AREA text [ROM, REL, CON]
;
; This function tries to be efficient by shifting both values to the far left to minimize the number of repititions
; through the main loop. That comes at a cost, of course, but I expect that most of the value pairs I use will do
; better this way.
;
; Dividing 1024 by 33 takes about 345 cycles, including the call/return. Just for the record.
;
; Here’s the original comment block. Note that it was written for 24×16 divide.
;———————————————————————————-
; Divide a 24-bit number by a 16-bit number. Leaves the quotient in the dividend
; [numerator] and throws away the remainder.
;
; This works like a classic long division; it shifts the numerator and denominator
; to the top of their respective words [so they are the same magnitude], counts
; the number of shifts and uses it to calculate the number of subtracts needed as
; well as the mask that eliminates the remainder.
;
; This can easily be extended or reduced to accomodate various word sizes. There
; should be no problem dividing a smaller word by a larger, but you will have
; to virtually extend the numerator with zeros. Since the initial shift factor will
; start out negative you will need to fiddle with that; you do not want to quit
; if you generate a carry, but instead test the sign of the result. [You still will
; want to jump to .zero_quotient if the shift factor is negative. Note that a shift
; factor of zero is valid.] [This version tests for zero, not carry, so that's
; no longer true. Lowest valid shift factor is 1.]
;
; If you expect to be using long words or want to macro-ize this [or expect to
; adapt it a lot] you may want to use multi-byte words and index into them
; [e.g. [numerator+1] instead of discrete names for each byte. However, the result
; will be endian-dependent. [This one is little-endian.]
;
; If you are expecting small values in the numerator or denominator, you can
; check the high byte for 0 and do 8-bit shifts before doing the final 1-bit shifts.
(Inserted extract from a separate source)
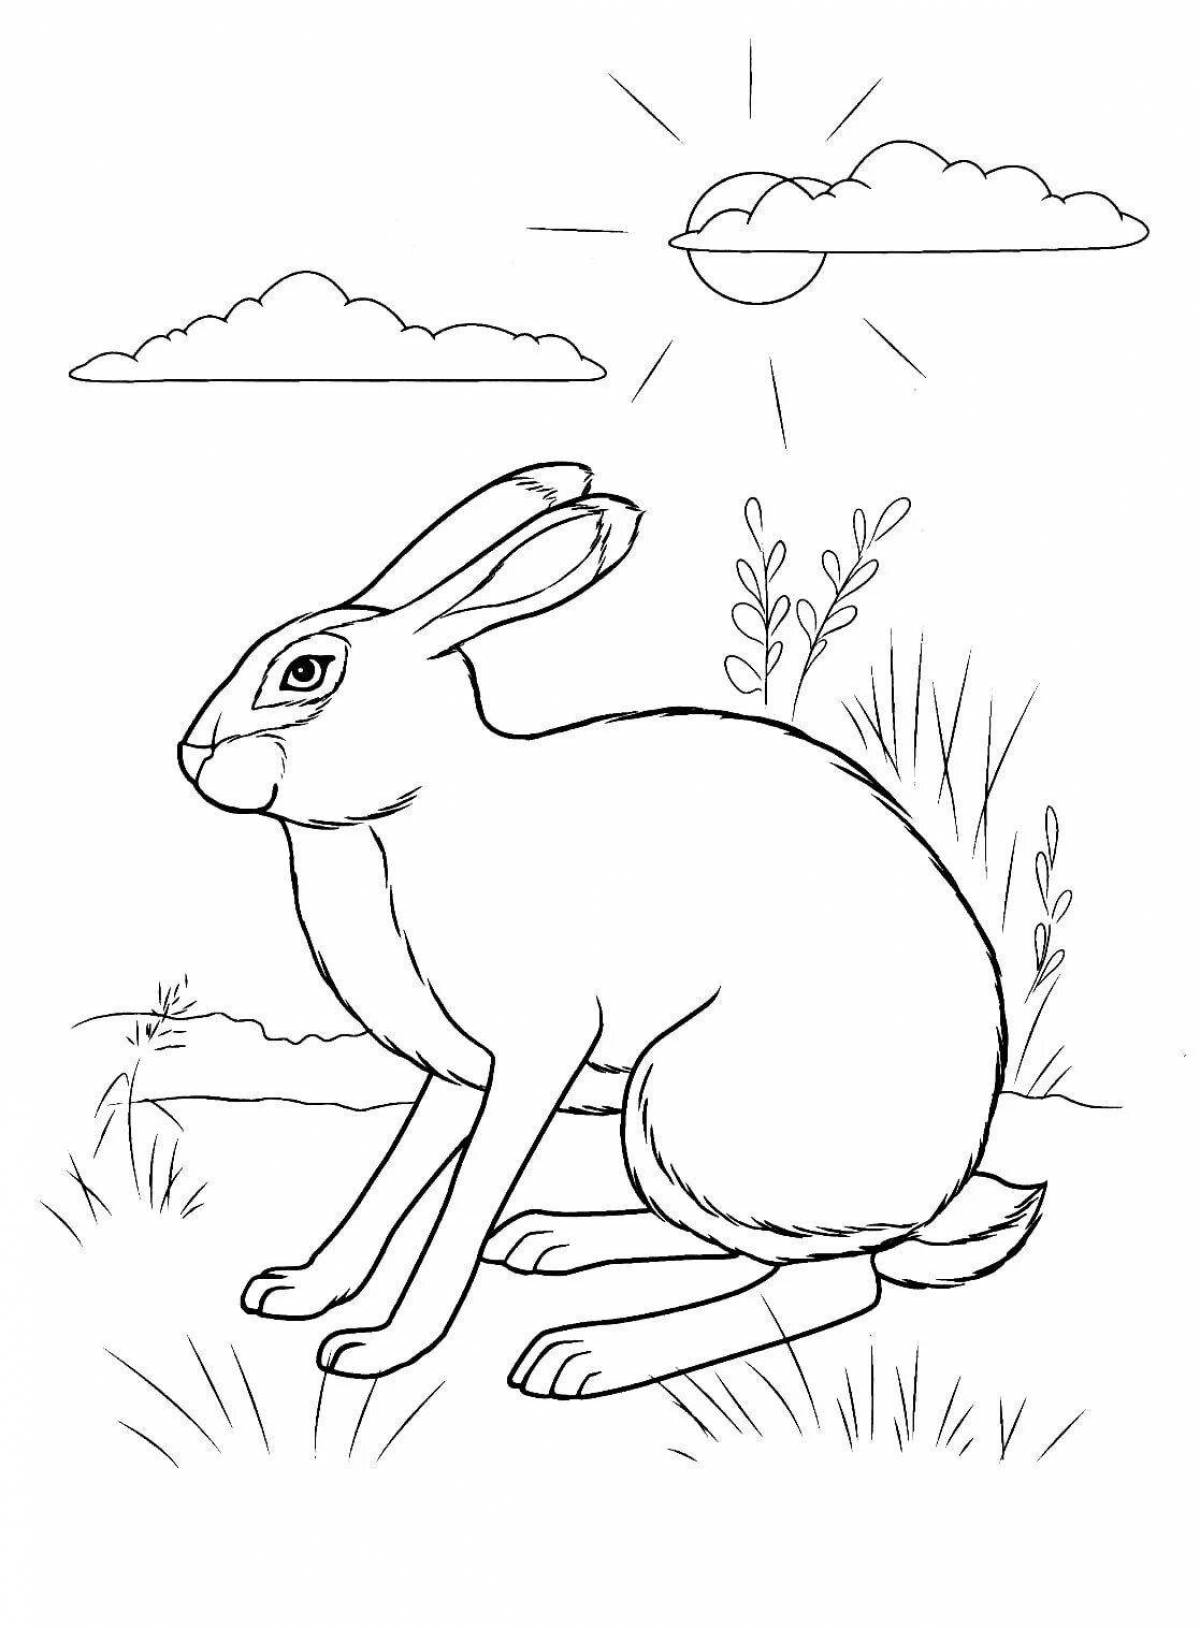 Привлекательный рисунок зайца

; Since the 8-bit-shift loop starts with a cmp [or tst] and a jump, the cost is
; only about 13 cycles if it is not necessary. [Cypress cycles.]
;
; If you need to keep the remainder it gets a bit more complicated. The calculated
; count, and the final calculated mask, will tell you where the remainder is in
; the numerator: the remainder’s LSb is just above the highest 1-bit in the mask.
; You may need to copy it out, mask and shift it before saving the quotient. You
; can also contrive to save the quotient into a different word rather than into
; the numerator, in which case you only need to shift the remainder back around.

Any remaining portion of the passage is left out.